Abstract
The Magic Touch sirolimus-coated balloon (SCB) was recently introduced in Europe and features robust clinical technology different from other devices on the market. This device is able to deliver a sufficient sirolimus dose to the target segment to reduce neointimal proliferation with very little exposure downstream and no apparent adverse effects at sustained high drug concentrations. The SCB represents a promising novelty within the drug-coated balloon arena due to its mid-term efficacy and safety in the treatment of coronary artery disease, especially in de novo and small-vessel coronary lesions. The purpose of this article is to provide an up-to-date overview of the currently available animal and clinical trial results, as well as to highlight ongoing trials on the Magic Touch SCB.
TWEETABLE ABSTRACT
Among modern drug-coated balloons, Magic Touch features Nanolutè technology, which allows effective and rapid sirolimus release and retention for 8–12 weeks. Previous and ongoing trials are showing good clinical performance with sustained safety.
GRAPHICAL ABSTRACT
In the EASTBOURNE section of the graphical abstract, the statistical data, including numbers and percentages, were taken from the EASTBOURNE trial [Citation1] to create the graphs.
Background
The development of drug-coated balloons (DCBs) has improved the management of coronary artery disease (CAD), the leading cause of death worldwide.
The Magic Touch Sirolimus DCB was recently introduced in Europe and features Nanolutè technology to deliver sirolimus to the vessel wall, ensuring that it is sustained for the duration required to achieve therapeutic effects.
The objective of this review is to provide an up-to-date overview and summary of the most recent animal and clinical trial data on the Magic Touch sirolimus DCB, as well as to highlight ongoing investigations analyzing the role of this sirolimus-coated balloon (SCB) in various clinical settings.

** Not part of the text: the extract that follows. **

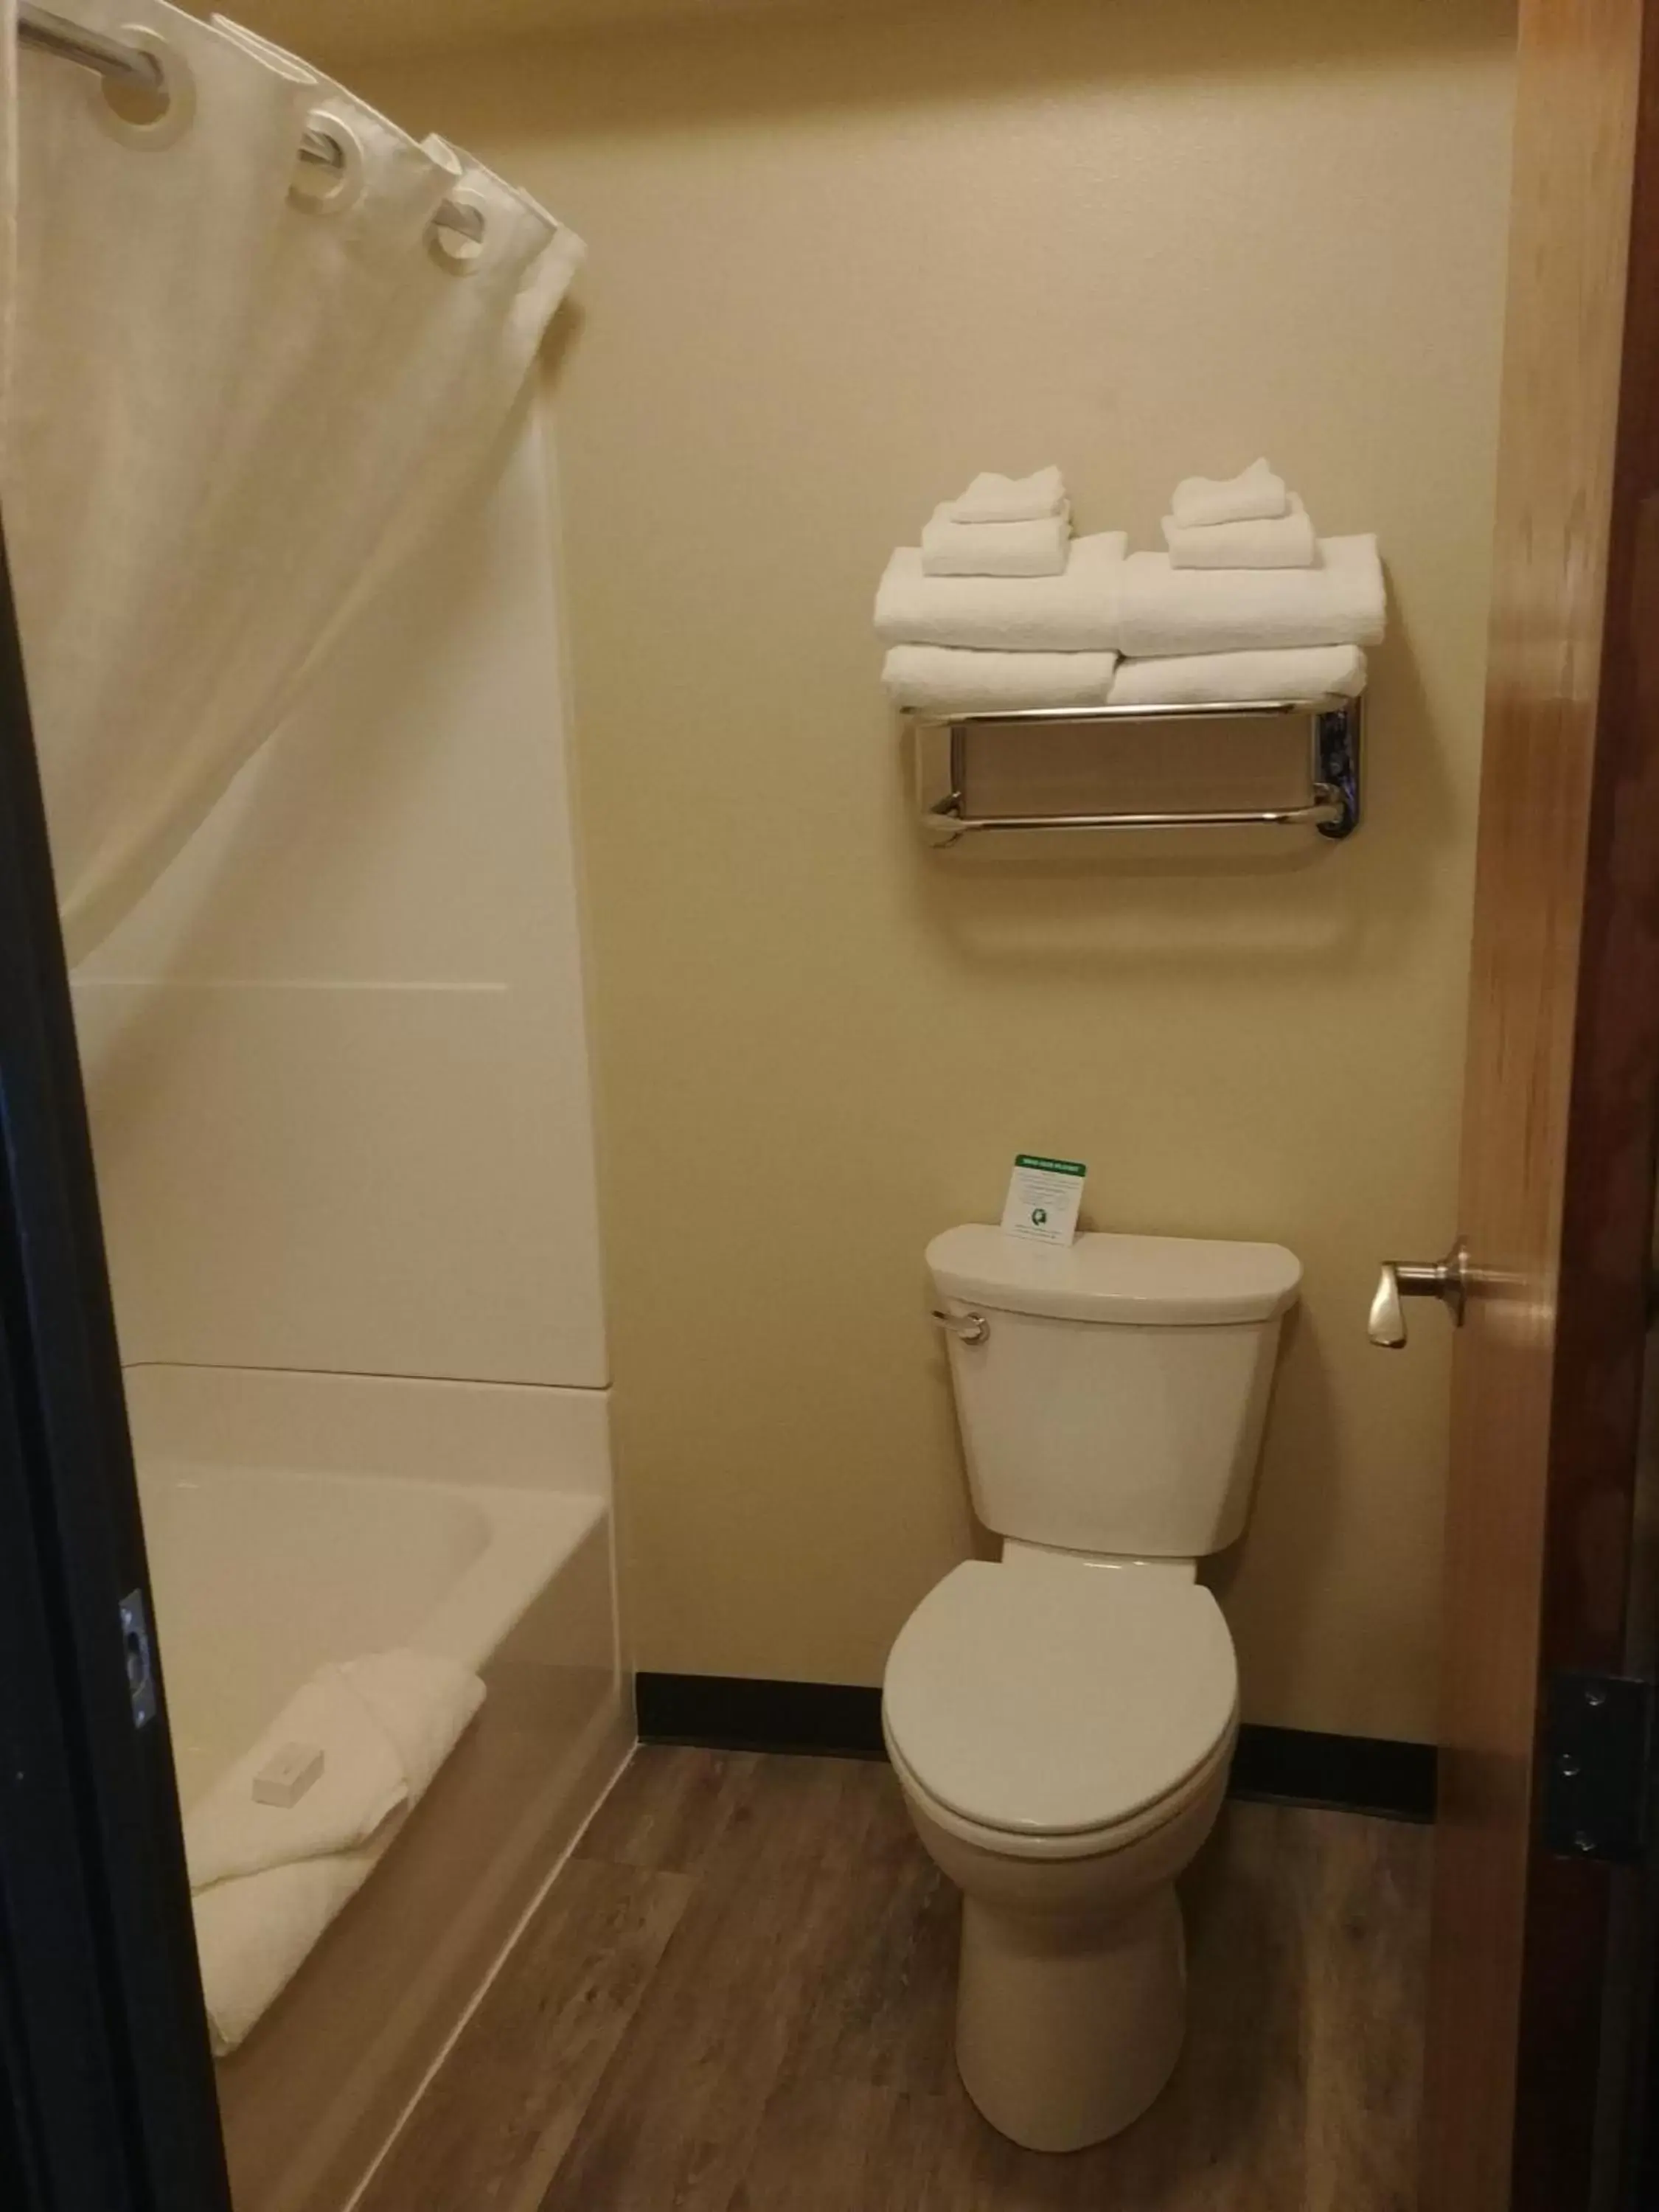 Toilet, Bathroom in Boarders Inn & Suites by Cobblestone Hotels - Broken Bow

Pre-clinical & clinical data of Magic Touch SCB
This article demonstrates that the SCB is a promising novelty within the DCB arena due to its mid-term efficacy and safety in the treatment of CAD, particularly in de novo and small-vessel coronary lesions, at least from the Magic Touch perspective, as the other two SCBs on the market lack clinical evidence.
In addition, preclinical studies have demonstrated that this device is capable of delivering sirolimus to the target segment in a sufficient amount to reduce neointima proliferation in a vascular model with minimal exposure to downstream organs, with no apparent adverse effects when sustained high drug concentrations in the target vessel are maintained.
Conclusion
In conclusion, SCBs represent a new option in the treatment of CAD, especially in patients with in-stent restenosis, de novo artery disease, and small coronary arteries, in addition to a few well-known and effective paclitaxel-coated balloons. Currently, ongoing trials will have to clarify the performance of this device compared with drug-eluting stents.
Financial disclosure
B Cortese serves as an Advisory Board member for Concept Medical and ANT, and as a Consultant for Concept Medical, ANT, Medtronic, Medalliance, Cordis, BBraun, Innova HTS, and AR Baltic. The authors have no other relevant affiliations or financial involvement with any organization or entity with a financial interest in or financial conflict with the subject matter or materials discussed in the manuscript apart from those disclosed.
Competing interests disclosure
The authors have no competing interests or relevant affiliations with any organization or entity with the subject matter or materials discussed in the manuscript. This includes employment, consultancies, honoraria, stock ownership or options, expert testimony, grants or patents received or pending, or royalties.
Writing disclosure
No writing assistance was utilized in the production of this manuscript.